At the same time, the fact that many Arabs openly demonstrated against the war while the fighting raged is seen by both Darawshe and Be’eri-Sulitzeanu as a mark of the maturity and strength of Israeli democracy. This type of dissent, they say, did not exist in the past and indicates a greater self-confidence among Israel’s Arabs and a desire to play a more active role in the country’s political culture.

During the early days of the war, the Abraham Fund conducted a survey and was encouraged to discover that despite common perceptions, Jewish-Arab interaction continued, as Jewish and Arab municipalities and coexistence activists joined efforts to cope with the crisis. Additionally, protests, which were voiced by Jews and Arabs alike, were directed at the government, while objections against the Jewish-Arab partnership were rarely raised.

The Abraham Fund can take much credit for creating a more tolerant atmosphere that helped the Jewish and Arab communities survive the war. The Fund’s Mirkam (Tapestry) initiative in the Galilee, for example, has enhanced understanding and interdependence between Jews and Arabs by fostering cooperative educational, social, business, inter-municipal and community activities. The Police Community initiative has enabled Israel’s police to better understand the sensitivities of Israel’s Arab citizenry; as a result, the police acted with greater restraint and, says Be’eri-Sulitzeanu, provided more egalitarian policing services during the war.

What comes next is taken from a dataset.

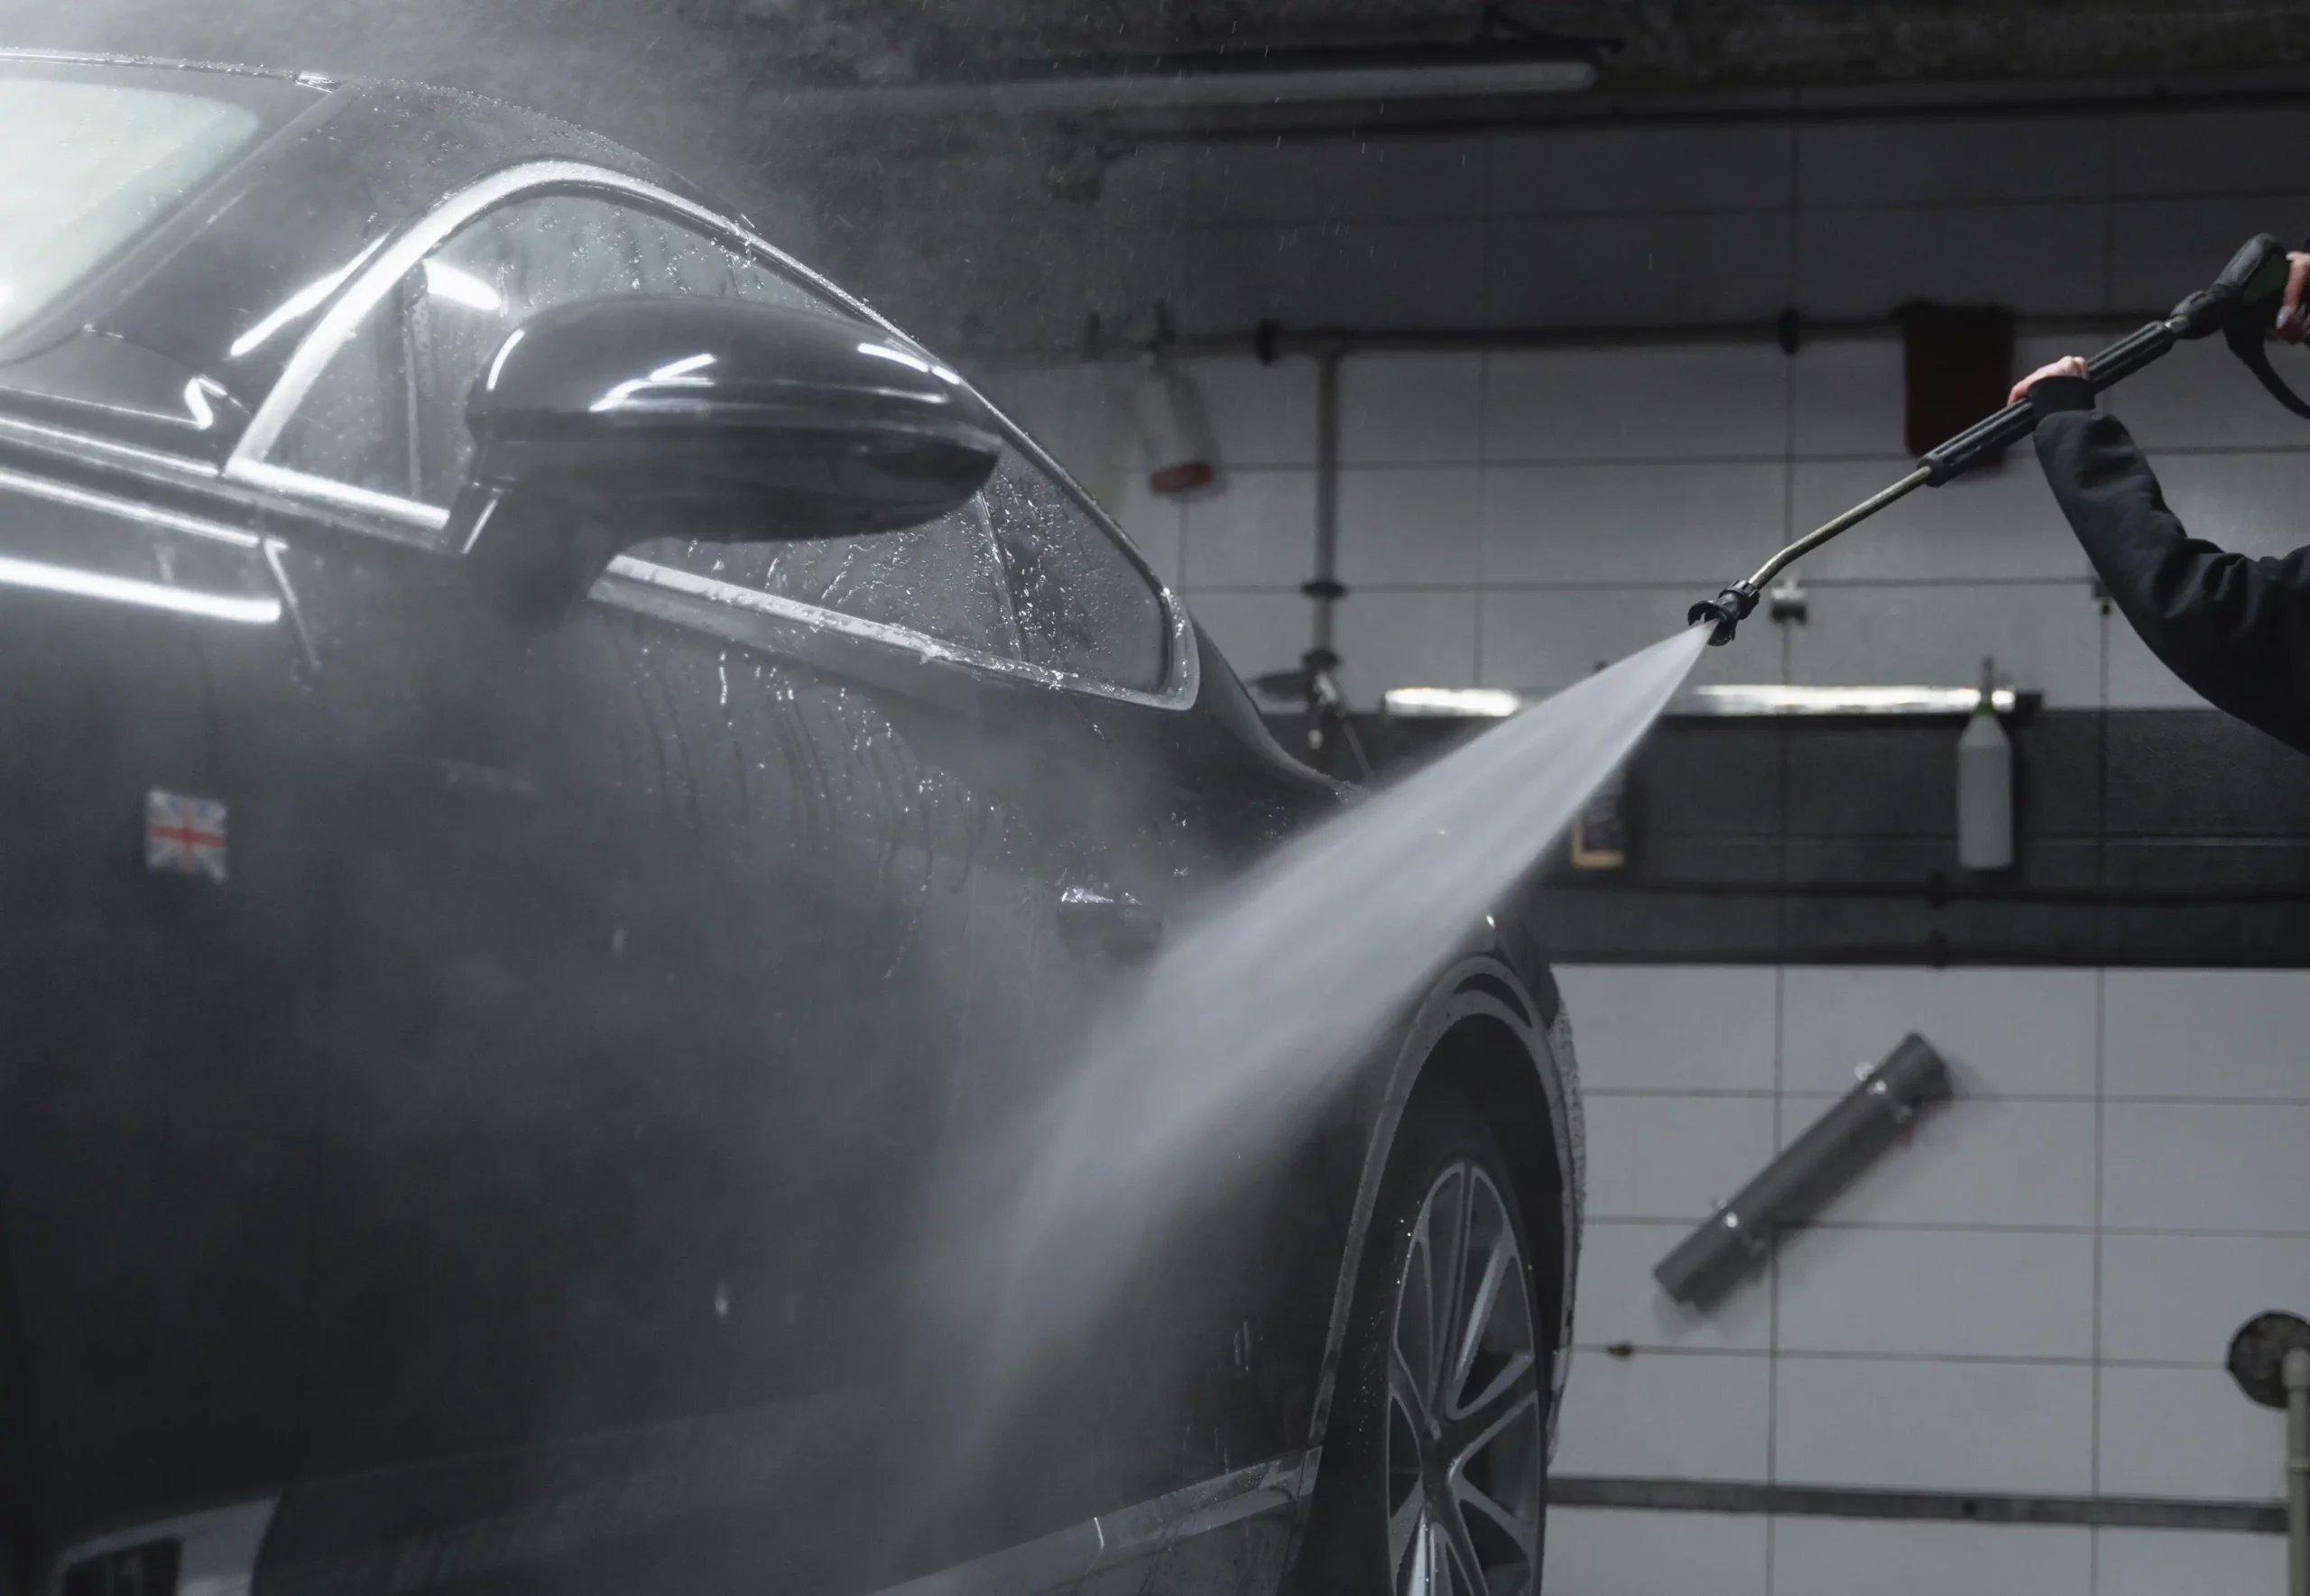 Tekniker bruger en højtryksrenser til at vaske bil på værksted.

“The Israeli establishment often has good intentions,” says Be’eri-Sulitzeanu, “but the Arab minority is so marginalized that its needs are often simply not taken into account. The war with Hezbollah demonstrated clearly that the Israeli government has not yet created significant policy that communicates to Arab Israelis that they are a valued and welcome part of society, deserving full equality in every sense.”

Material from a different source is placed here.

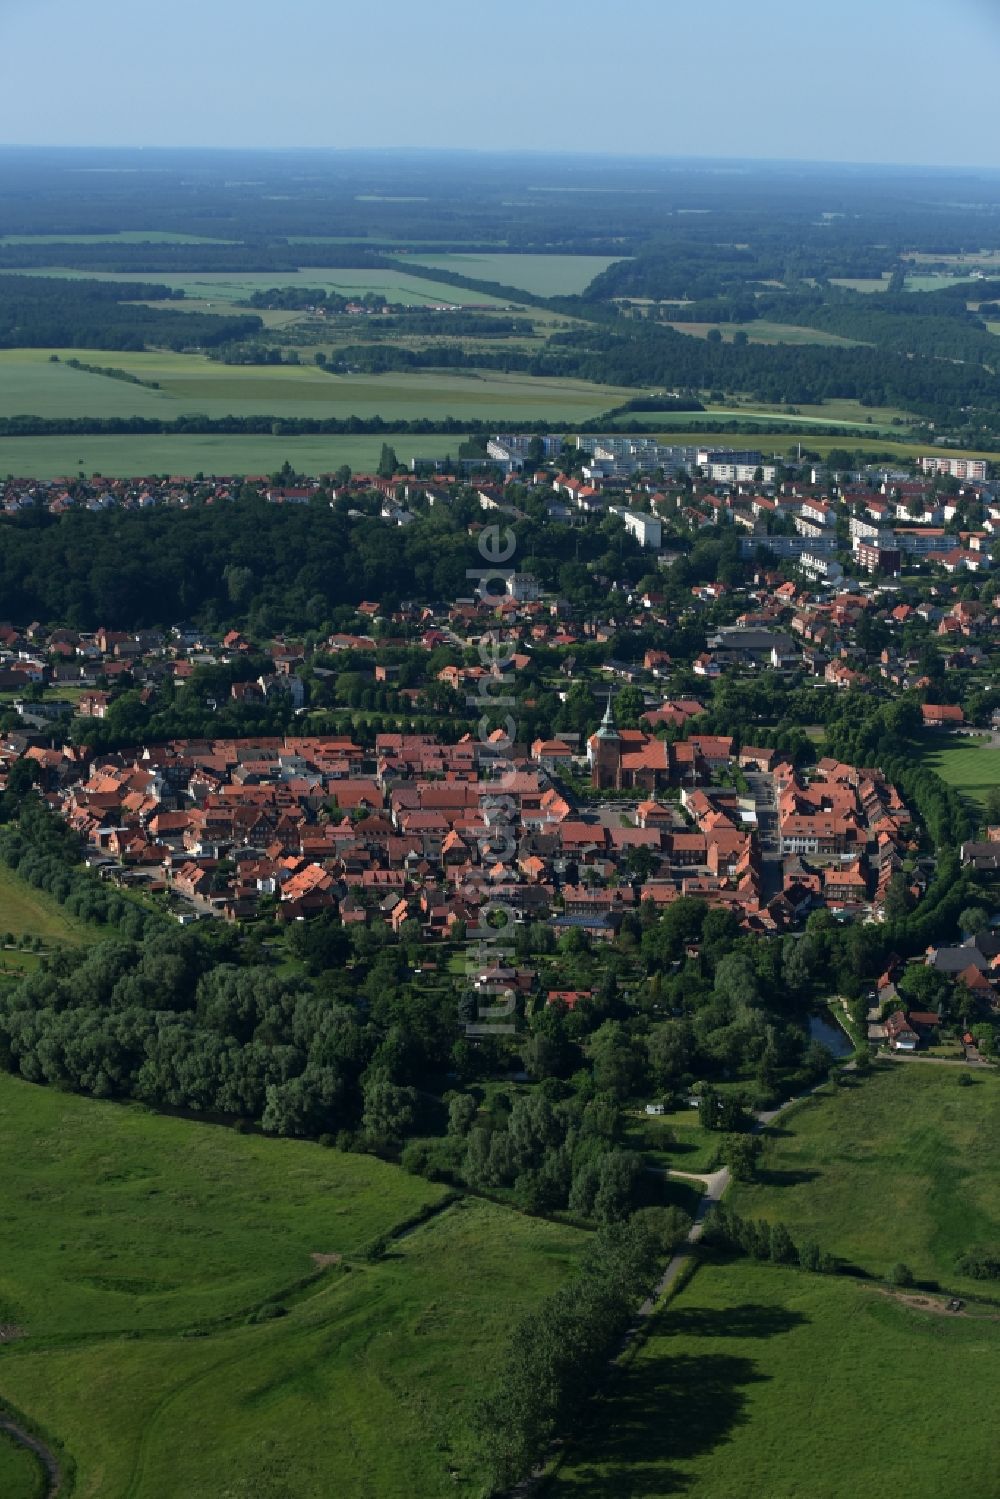 Luftbild Boizenburg/Elbe - Altstadtbereich und Innenstadtzentrum in Boizenburg/Elbe im Bundesland Mecklenburg-Vorpommern

With this in mind, as the war broke out, the Abraham Fund Initiatives began monitoring and examining emergency services to ensure that equal assistance was provided to Israel’s Arab citizens.

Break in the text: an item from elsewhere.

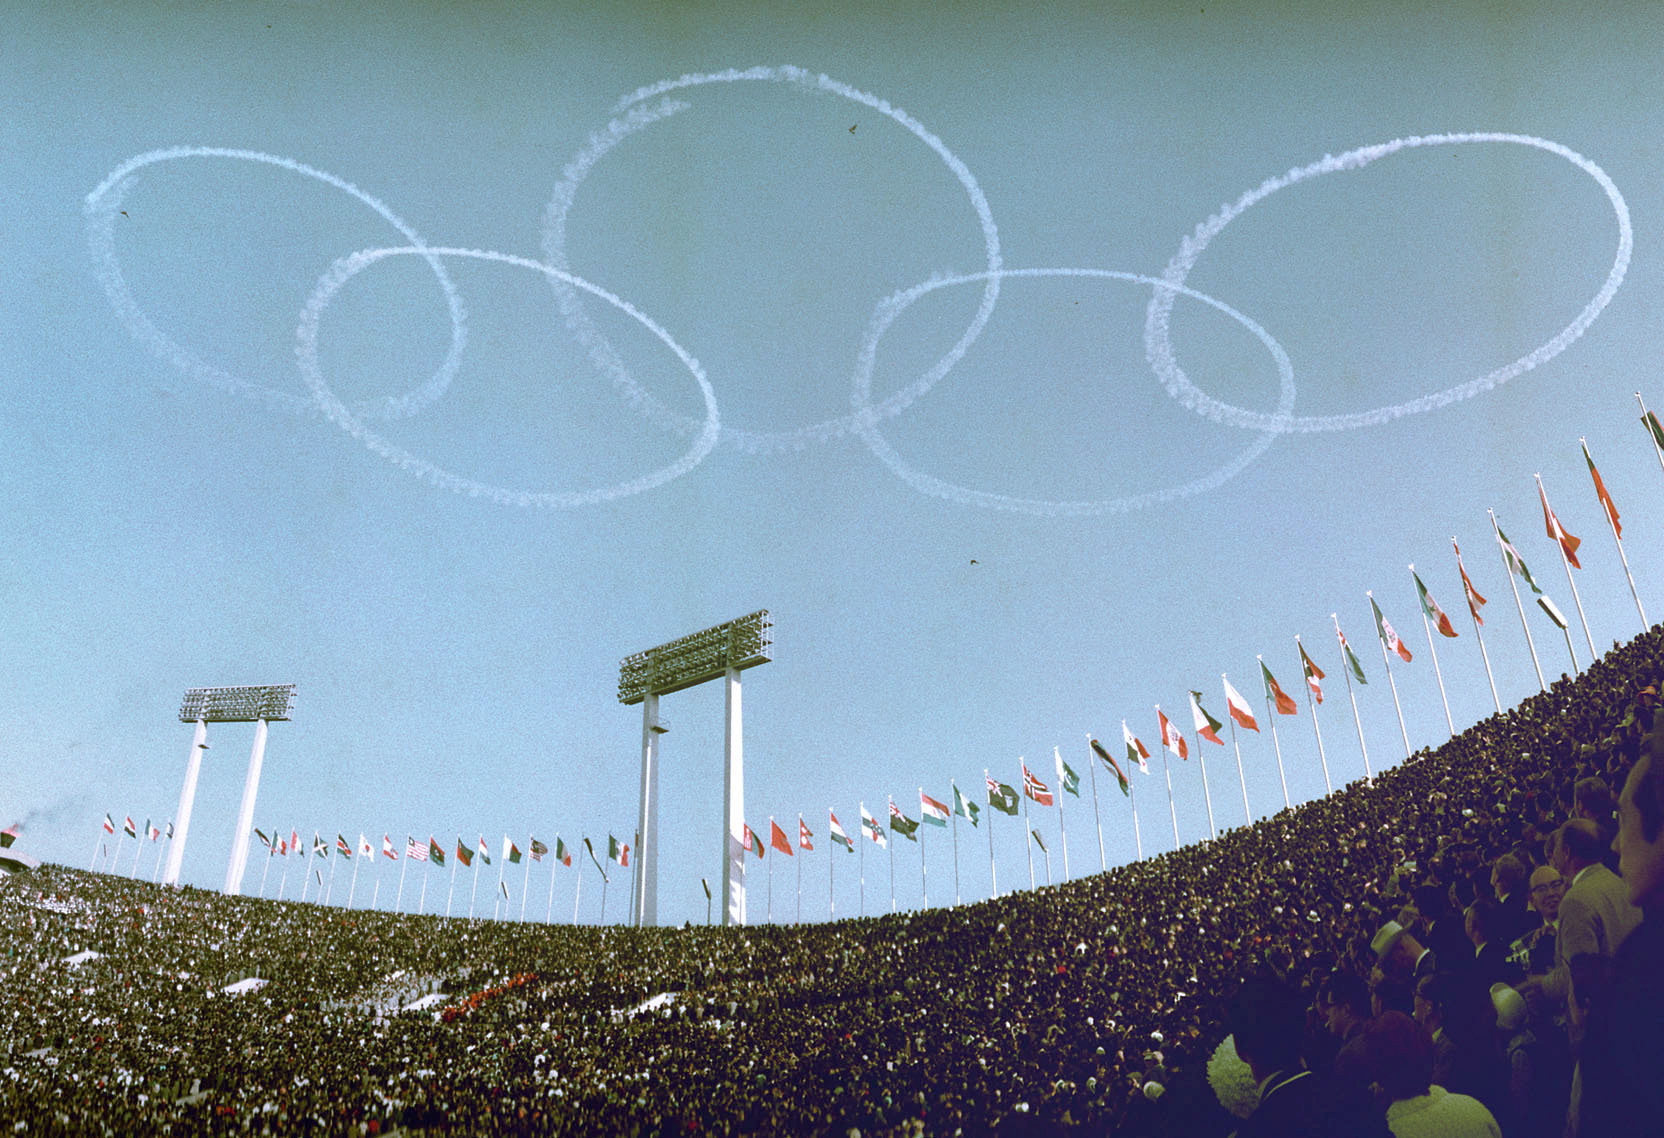 日本航空自卫队的蓝色冲击波（Blue Impulse）飞行表演队，1964年在东京奥运开幕式上，5架F-86在东京国立竞技场上空画出奥林匹克标志圆圈，打响国际知名度。路透

“We soon discovered,” recalls Be’eri-Sulitzeanu, “that the IDF Home Front had an excellent and friendly website in Hebrew, Russian and English but not in Arabic. We offered to translate the material into Arabic, and they were only too happy for us to make the contribution. Additionally, due to our intervention, the Jewish Agency brought thousands of Arab children from the north to the safety of summer camps in the center of the country.” Given the tensions within Israeli society, this partnership was commendable in that it demonstrated the Jewish Agency’s concern for all of Israel’s citizens.

Be’eri-Sulitzeanu stresses that TAFI also made major efforts to encourage coexistence organizations to continue their programs throughout the fighting. “We were afraid of a paralysis in the area of coexistence because Jews and Arabs were angry with each other,” he recalled. “But we also felt that in addition to the need to carry on a dialogue, it was critically important to continue advocating for a shared society.”

In the immediate aftermath of the war the series of three “fun days” sponsored by TAFI’s Mirkam project, in partnership with the New Israel Fund, was the start of a new and intensified effort to re-establish trust between the Jewish and Arab communities.

“Activities like these have more impact than meets the eye,” explains Basem Kanane, Mirkam’s manager. “The kids had a good time playing in the water and each community realized that the ‘other’ is very much the same.”

Splashing in the water was Tamir Akran, a 13 year-old Jewish boy from Hatzor Hagalil who spent most of the war with relatives in the south after severe anxiety from falling missiles gave him acute stomach problems. “I still get cramps when I hear a sudden loud noise.”

Nearby was 11 year-old Fathiya Atamni, an Arab girl from near Nazareth. “To be honest I’m looking forward to the routine of going back to school,” she said. “We had no shelters in our town and had nowhere to go when the sirens sounded. It was very scary.”

The Abraham Fund Initiatives believes that every crisis offers new opportunities. “We have no choice but to intensify our efforts for coexistence,” said Be’eri-Sulitzeanu. “Israel is home for all of us.”